* Activity *
Locate the line that contains "not in never" in the entries below, then repeat it and every following line through the line that contains "- @WWERollins 🤝 @TripleH #WWERivals 😍", exactly, and no others.

Segment Start: Recorded data

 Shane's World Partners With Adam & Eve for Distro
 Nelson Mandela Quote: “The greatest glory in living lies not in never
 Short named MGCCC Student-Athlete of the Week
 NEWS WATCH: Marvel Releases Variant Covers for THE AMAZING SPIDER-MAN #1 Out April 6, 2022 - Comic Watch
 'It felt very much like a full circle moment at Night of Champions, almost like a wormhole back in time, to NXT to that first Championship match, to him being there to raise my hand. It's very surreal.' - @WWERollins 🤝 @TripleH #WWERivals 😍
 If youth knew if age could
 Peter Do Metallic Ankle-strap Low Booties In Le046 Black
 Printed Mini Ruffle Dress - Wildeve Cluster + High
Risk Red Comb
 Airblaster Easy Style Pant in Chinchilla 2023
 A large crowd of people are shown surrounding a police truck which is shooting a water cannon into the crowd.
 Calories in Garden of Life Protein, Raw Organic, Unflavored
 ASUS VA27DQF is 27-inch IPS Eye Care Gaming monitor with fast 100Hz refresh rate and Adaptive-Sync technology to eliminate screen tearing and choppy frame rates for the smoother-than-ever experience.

Segment End: Recorded data

* Solution *
 Nelson Mandela Quote: “The greatest glory in living lies not in never
 Short named MGCCC Student-Athlete of the Week
 NEWS WATCH: Marvel Releases Variant Covers for THE AMAZING SPIDER-MAN #1 Out April 6, 2022 - Comic Watch
 'It felt very much like a full circle moment at Night of Champions, almost like a wormhole back in time, to NXT to that first Championship match, to him being there to raise my hand. It's very surreal.' - @WWERollins 🤝 @TripleH #WWERivals 😍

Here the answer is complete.